Paula Escalada Medrano |
Washington (EFE).- Considered by most economists as a crazy and improbable idea, the theory of a trillion dollar coin (“One Trillion Dollar Coin”) to eliminate the deficit has re-emerged in the United States. .as a radical way out of the impasse caused by the debt ceiling.
The head of the Treasury Department herself, Janet Yellen, has had to distance herself from the subject and reassure those daring who have dared to lie to her in recent days: that the US Constitution allows the creation of this magical currency that would alleviate the debt does not mean that the Federal Reserve (Fed) has to accept it.
“It should by no means be taken for granted that the Fed would do it, especially with this, which in my opinion is a gimmick,” he said a few days ago in an interview with The Wall Street Journal.
As happens periodically (78 times since 1960), the United States reached its current debt ceiling of 31.4 trillion dollars on the 19th and Yellen announced a series of extraordinary measures so that the Government does not immediately see itself on the precipice of the default.
Unlike other countries, the US government can only issue debt up to the limit set by Congress, which has the power to raise – or suspend – that ceiling as it sees fit.
Problems arise when, as is the case now, Congress is divided and the House is controlled by Republicans while the Senate is Democratic.
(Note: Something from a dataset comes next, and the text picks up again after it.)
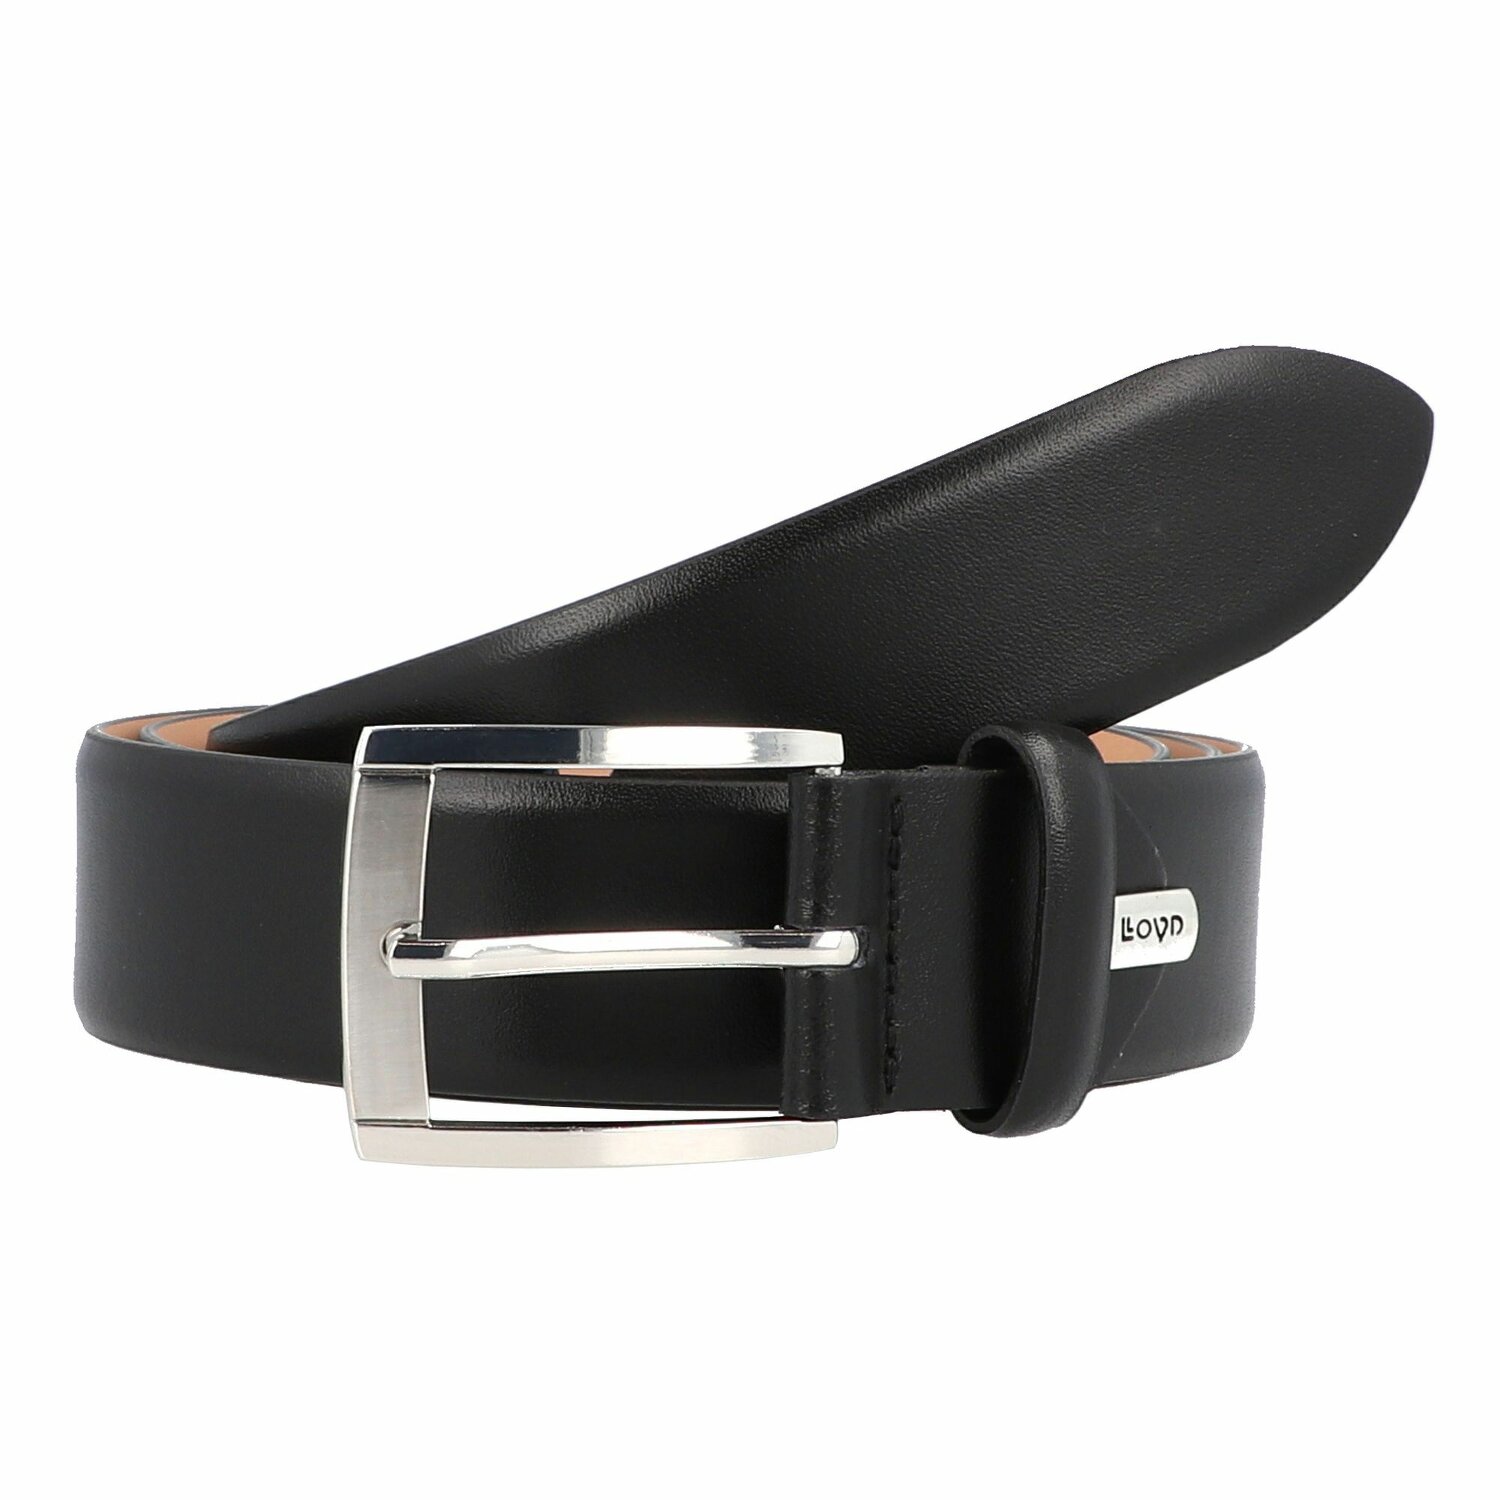 Lloyd Men's Belts Gürtel Leder schwarz | 105 cm
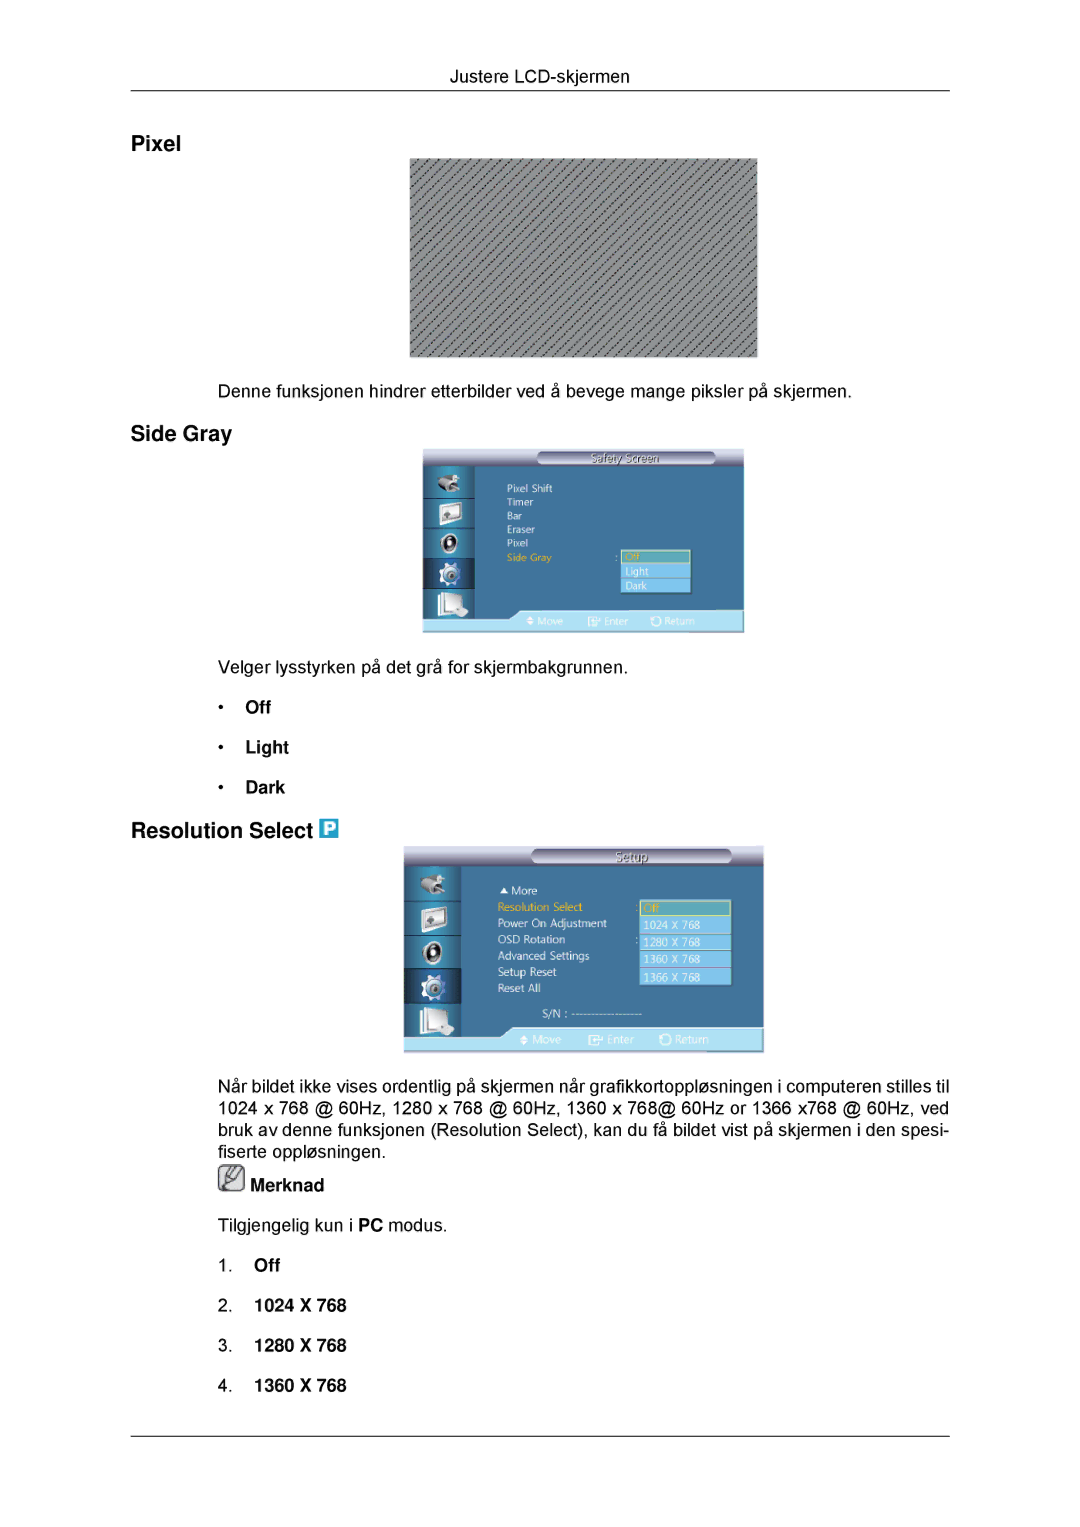 Samsung LH70CSBPLBC/EN manual Pixel, Side Gray, Resolution Select, Off Light Dark, Off 1024 X 1280 X 1360 X

It already happened to Barack Obama (2009-2017) in 2011. With the House controlled by the Republicans, an agreement was not reached until the Democrats agreed to approve sweeping spending restrictions, which have remained in place until recently, two days before reaching the limit.
A confrontation that caused the risk agency Standard and Poor’s to lower the country’s credit rating for the first time in history.
With the deadline set for next June, Yellen does not stop urging Congress to get their act together and Republicans not to use the debt ceiling as a bargaining chip.
Given the frequency of this situation, there are many voices calling for permanent solutions or mentioning radical tools such as the “One trillion dollar coin”.
Billion dollars, an idea that appears in “The Simpsons”
Emerged precisely in the debt ceiling crisis of 2011, the idea of the trillion dollar coin has even appeared in “The Simpsons”, but in the form of a ticket and ahead of the times.
In a chapter titled “The Problem With Trillions” from season 9 broadcast in 1998, Homer Simpson is involved by the Government in a mission: to recover a trillion dollar bill that then-President Harry Truman printed in 1945 to help rebuild post-war Europe.
The “One Trillion Dollar Coin” theory says this: By a law created in 1996, the Treasury Department has the ability to mint “platinum bullion coins,” trillion-dollar coins, deposit them with the Federal Reserve, and then withdraw the money to pay the country’s bills.
“I think this solution is highly unlikely, but not impossible. The only way I see it happen is if Yellen has no other choice,” Eric Swanson, a professor of economics at the University of California, told EFE.
And it is that this idea does not seem so remote to figures like the Nobel Prize winner in Economics Paul Krugman. In an article published in The New York Times in 2013, with Obama back in trouble over the debt ceiling, he asked himself the question: “Should President Obama be willing to print a $1 trillion platinum coin?” of dollars if the Republicans try to force the United States into default?
“Yes, absolutely,” he would reply, for “after all, he will be faced with a choice between two alternatives: one that is foolish but benign, the other that is equally foolish but at the same time vile and disastrous.”
The theory would not, however, be a permanent solution, since it is nothing more than “an accounting trick to avoid the debt ceiling,” Swanson points out again.
Kenneth Kuttner, a professor at Williams College University in Massachusetts, agrees with this, stating to EFE that “it would only last a while” and “once the line of credit was reached we would find ourselves in the same situation.”
Furthermore, doing something like that would be “very detrimental to the independence of the Federal Reserve,” which Yellen herself led from 2014 to 2018.
For Charles W. Calomiris, a professor at Columbia Business School, this currency “is a debt instrument in disguise and not a real currency.”
“The objective of issuing it would be, rather than providing a currency, to circumvent the law and I think that the Treasury will not do that. If the Republicans do nothing, they will lose this battle and end up losing political support along the way,” he adds.
In the opinion of Milton Marquis, professor emeritus at Florida State University, using it would set “a precedent” and “send an important aspect of fiscal policy towards the Executive Branch, which would alter the current balance of power.”
“Future presidents, from any party, would be tempted to exercise that power and it could lead to more wasteful spending without funds,” he adds.